By November 2014 SKY was considered a household name in the UK and Ireland for TV broadcasting, telephony and broadband services. In addition to these core services, Sky offers, or has in the past offered, a range of other SKY-branded services including: SKY WIFI, SKY email, SKY software, a range of SKY merchandise and various other services, including financial services, insurance services and educational services.
SkyKick’s services targeted business customers only. Sky’s business targets both domestic and business customers. Sky does not offer email migration services or cloud backup services to customers and its evidence in the UK proceedings did not reveal that it planned to offer such services in the immediate future.
Sky took issue with SkyKick’s trade mark, which led to Sky issuing SkyKick with a letter before action in January 2016. Proceedings were commenced by Sky against SkyKick in the UK High Court in May 2016 for infringement of several of Sky’s registered trade marks and for passing off.
UK Reference to the Court of Justice of the EU (CJEU)
The UK High Court proceedings raised important questions on issues relating to trade mark validity and bad faith. Mr Justice Arnold considered it appropriate to seek guidance from the CJEU on these points of law. Accordingly, the UK proceedings were stayed and a reference was made to the CJEU for a preliminary ruling on the questions set out below.
The CJEU’s Judgment – Summary
The UK reference to the CJEU was important because it had the potential to significantly impact on trade mark filing and enforcement practices across the EU.
Some may argue that the EU trade mark system is in need of reform, because it favours those with deep pockets (i.e. those best able to shoulder the cost of filing / re-filing pan-EU trade marks for multiple classes of goods and services). Some may also argue that it would be fairer to move towards a US-style trade mark system where applicants are not permitted to claim entire categories of goods and services; this would be particularly important where – as is the case for EUTMs – there is no strict requirement to have a genuine intent to use a trade mark at the date of filing.

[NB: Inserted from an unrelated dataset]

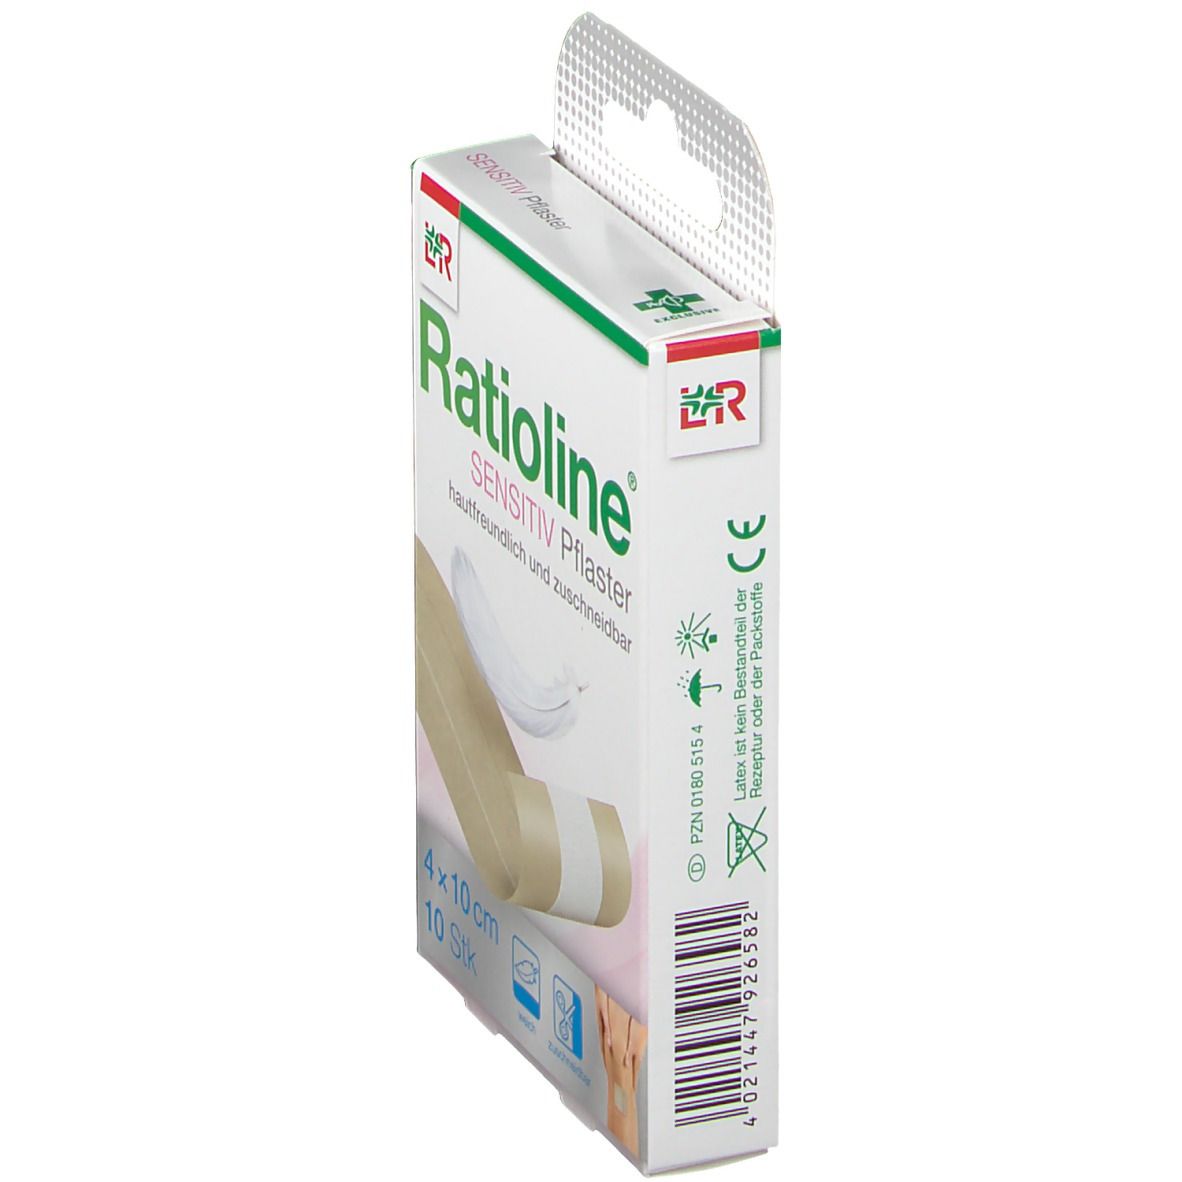 Ratioline® sensitive Wundschnellverband 4 cm x 10 cm

As it turns out, whether or not you are a fan of the EU trade mark system, the CJEU’s judgement maintains the status quo. In that sense it represents some good news for trade mark owners, particularly from a perspective of being free to file trade marks covering broad categories of goods and services.
When it comes to enforcement of trade marks again the CJEU’s judgement is largely positive, but the door has been left open for third parties to seek invalidation of trade mark rights where their owners have covered goods and services for which they have no genuine intention to use the marks and have also engaged in conduct which is inconsistent with honest practices e.g. by abusing the trade mark system and undermining the interests of third parties.
The CJEU’s Judgment – Detail
It is not always the case that the CJEU provides the necessary clarity that a referring court requires. However, in this instance the CJEU appears to provide a degree of certainty for trade mark owners on the important issues raised in the UK reference, as discussed below.
The First Two Questions
“(1) Can an EU trade mark or a national trade mark registered in a Member State be declared wholly or partially invalid on the ground that some or all of the terms in the specification of goods and services are lacking in sufficient clarity and precision to enable the competent authorities and third parties to determine on the basis of those terms alone the extent of the protection conferred by the trade mark?
(2) If the answer to question (1) is yes, is a term such as ‘computer software’ too general and covers goods which are too variable to be compatible with the trade mark’s function as an indication of origin for that term to be sufficiently clear and precise to enable the competent authorities and third parties to determine on the basis of that term alone the extent of the protection conferred by the trade mark?”
These questions relate to interpretation of the scope of the rights granted under a trade mark registration. Because trade mark registrations have the potential to last indefinitely, interpreting their scope is an important consideration.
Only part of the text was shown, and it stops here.